Bild: „Alles ist ungewohnt laut.“ sagt Beatrix Hertel - die Autos, die Mens…
Das Gerät, das Beatrix Hertels Welt verändert, ist klein. Die 26-Jährige
sitzt in der HNO-Station der Berliner Universitätsklinik, vor ihr der
Sprachprozessor, den sie sich wie ein Hörgerät hinter das Ohr klemmen soll.
Hertel presst die Lippen aufeinander. Neonröhren an der Decke sirren. Der
Audiologe Stefan Gräbel schaut sie an. „Du darfst heute keine Wunder
erwarten“, sagt er. „Alles klar“, antwortet sie.
Vier Wochen zuvor war der 26-Jährigen ein sogenanntes Cochlea-Implantat,
eine Innenohrprothese, eine Mensch/Maschine-Schnittstelle, eingesetzt
worden. Damit wird Beatrix Hertel gleich zum ersten Mal wieder hören. Das
hofft sie zumindest.
„Vor zehn Jahren konnte ich noch Vogelgezwitscher erahnen“, sagt sie.

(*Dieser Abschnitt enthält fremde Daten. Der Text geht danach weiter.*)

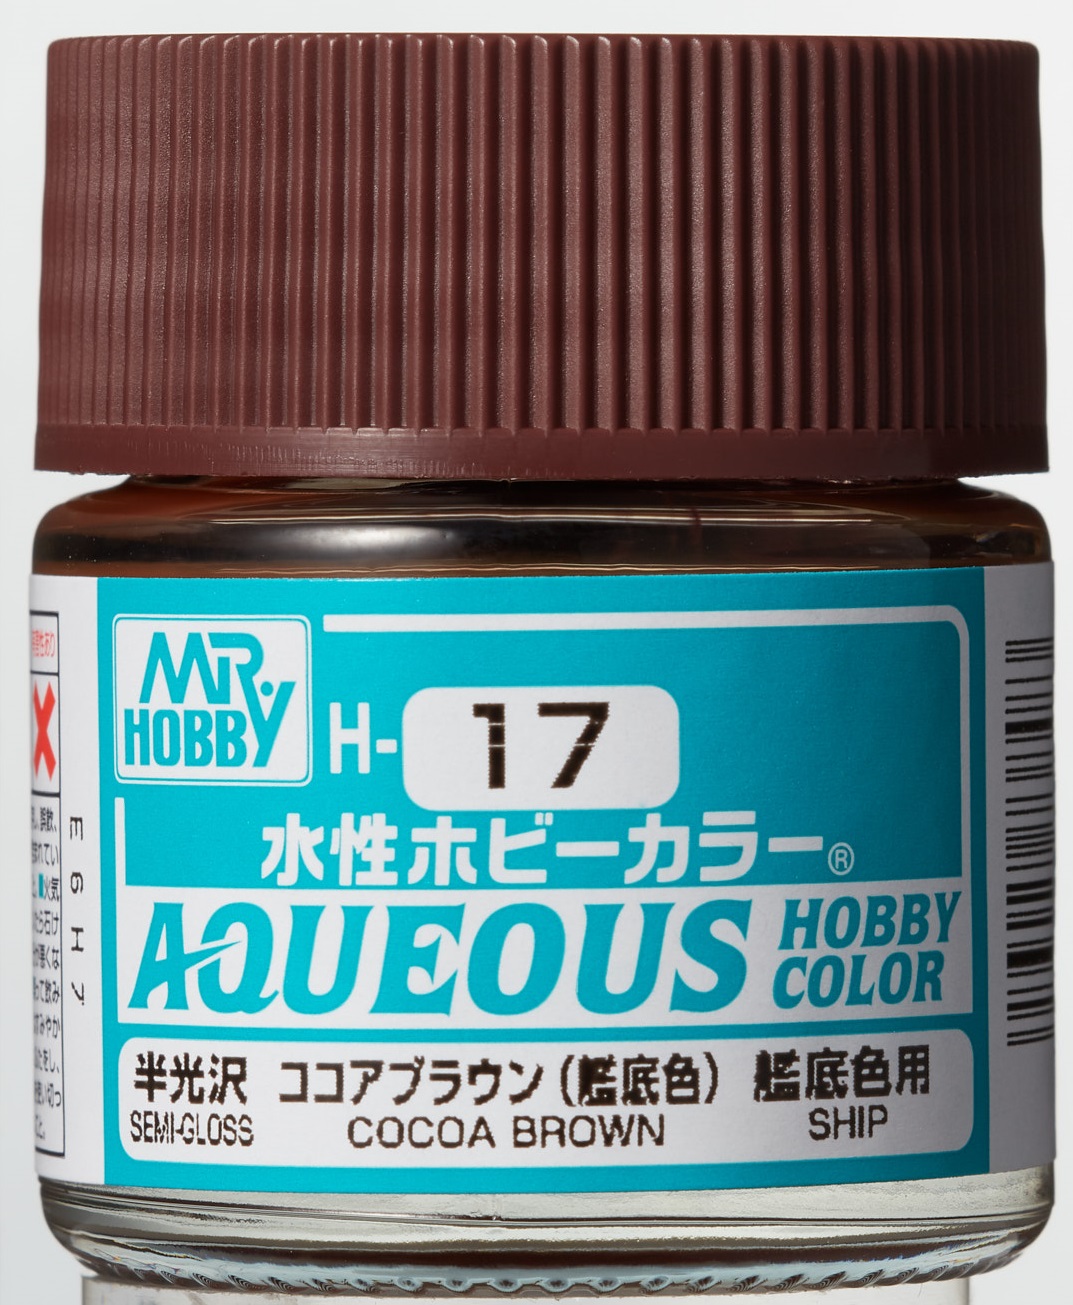 Mr. Aqueous Hobby Color - Cocoa Brown - H17 - Kakaobraun

Heute
lege sich der Stadtlärm wie ein Brei aus dumpfen Geräuschen über sie, den
sie trotz der Hörgeräte nicht mehr entziffern kann. Ihr Gehör wird
schlechter. Beim Musikhören nimmt sie nur den Bass wahr. Deshalb tanzt sie
am liebsten auf Elektropartys, wenn der Rhythmus im Körper dröhnt und ihre
braunen Haare im Takt wippen.
In der Patientenakte steht: Beatrix hat eine Hörschwelle von 100 Dezibel im
Frequenzbereich 500 Hertz bis 8 Kilohertz – erst ab etwa der Lautstärke
eines vorbeirasenden Feuerwehrwagens mit Martinshorn hört sie überhaupt
etwas.
Ob Beatrix Hertel schwerhörig zur Welt kam, ist unklar. Ihre Mutter merkte
jedoch schnell, dass ihre Tochter nicht reagierte, wenn der Staubsauger
brummte, Töpfe klapperten, Türen zugeschlagen wurden.
## Gebrochene Worte
Ein Jahr lang hatte Hertel überlegt, ob sie sich operieren lassen soll.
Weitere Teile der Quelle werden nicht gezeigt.